This repository contains high-performance YOLOv11 models for Document Layout Analysis, fine-tuned on the DocLayNet dataset. The models are designed to accurately detect 11 common document structures like titles, tables, text, and figures right out of the box.
The primary goal of this repository is to showcase the models' capabilities and provide a simple way to use them. For a deep dive into the training methodology and performance metrics, please see the Hugging Face Model Card.
You can easily use the pre-trained models hosted on the Hugging Face Hub for your own document analysis tasks. Or try out the models directly in your browser using the Hugging Face Space.
Clone this repository and install the required dependencies.

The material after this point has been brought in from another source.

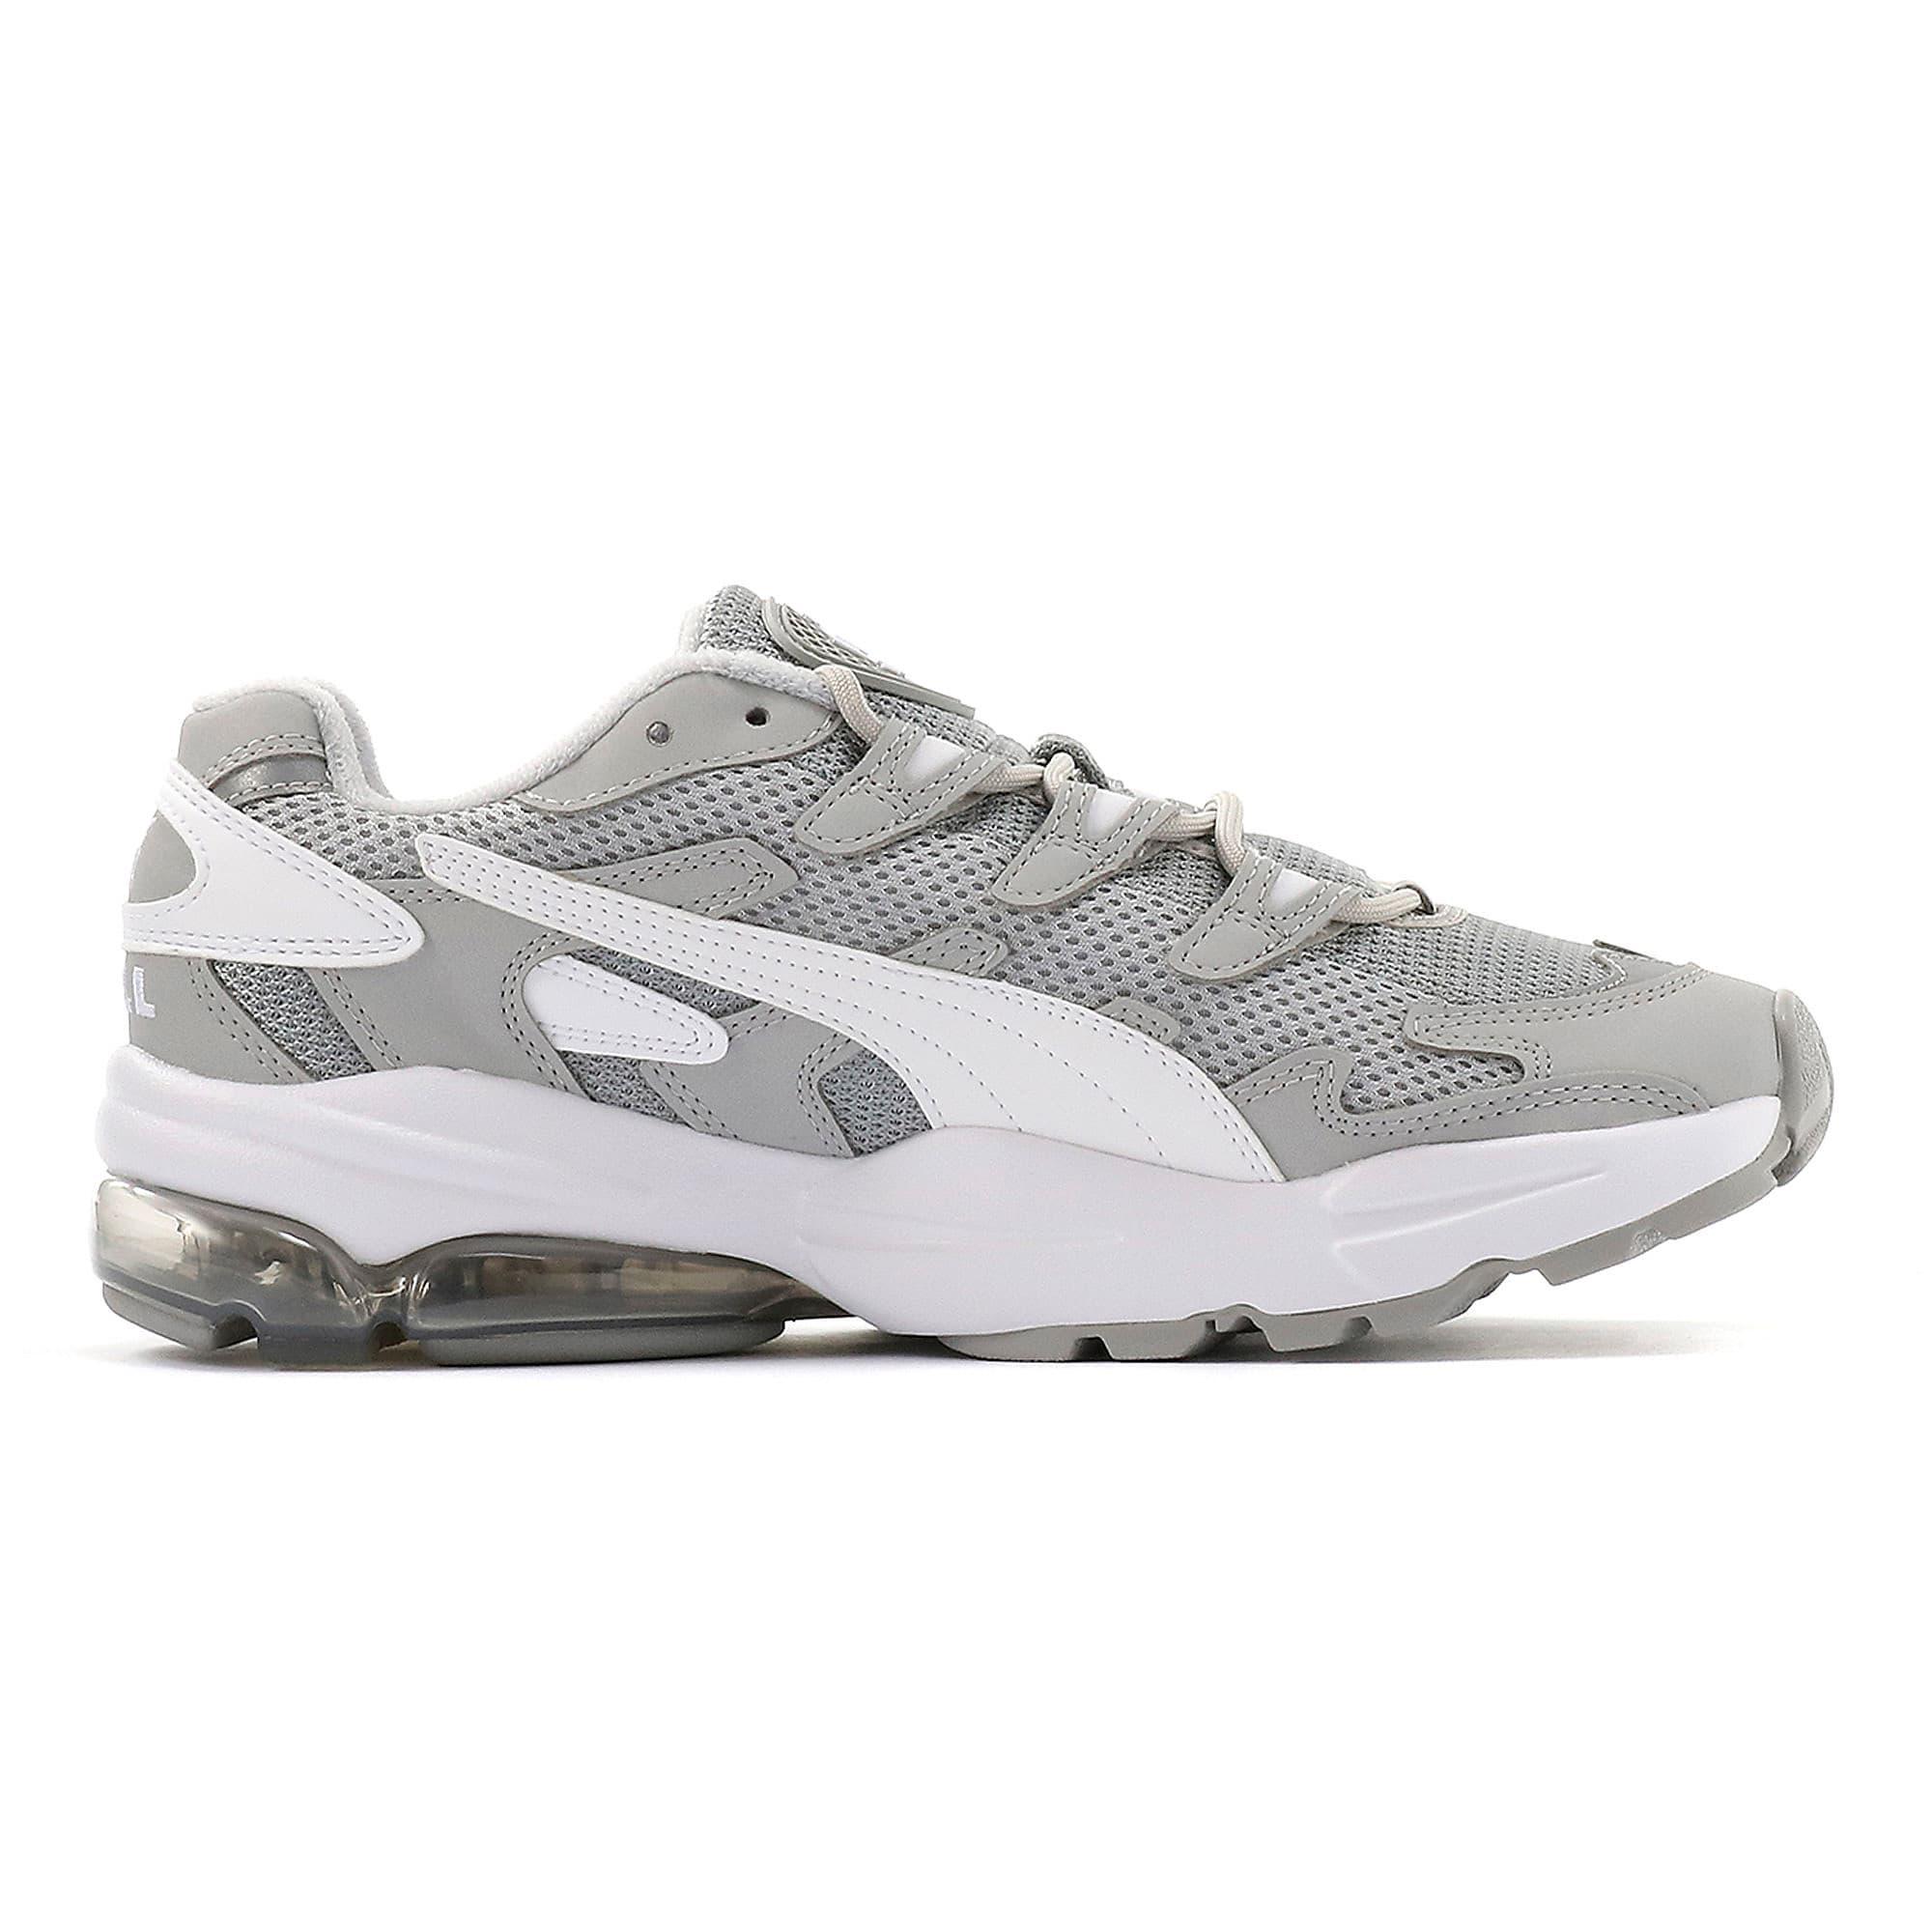 Thumbnail 4 of CELL Alien OG Sneakers, High Rise-Puma White, medium

git clone https://github.com/Armaggheddon/yolo11_doc_layout.git
cd yolo11_doc_layout
pip install -r requirements.txtThe following script downloads the recommended YOLOv11-Nano model and runs inference on a local image. You can easily switch to the small or medium models by changing the index in the model_files array.
from pathlib import Path
from huggingface_hub import hf_hub_download
from ultralytics import YOLO
# Define the local directory to save models
DOWNLOAD_PATH = Path("./models")
DOWNLOAD_PATH.mkdir(exist_ok=True)
# Choose which model to use
# 0: nano, 1: small, 2: medium
model_files = [
"yolo11n_doc_layout.pt",
"yolo11s_doc_layout.pt",
"yolo11m_doc_layout.pt",
]
selected_model_file = model_files[0] # Using the recommended nano model
# Download the model from the Hugging Face Hub
model_path = hf_hub_download(
repo_id="Armaggheddon/yolo11-document-layout",
filename=selected_model_file,
repo_type="model",
local_dir=DOWNLOAD_PATH,
)
# Initialize the YOLO model
model = YOLO(model_path)
# Run inference on an image
# Replace 'path/to/your/document.jpg' with your file
results = model('path/to/your/document.jpg')
# Save the results
results[0].save(filename="result.jpg")Three model variants are available, allowing you to choose the perfect balance between speed and accuracy for your needs.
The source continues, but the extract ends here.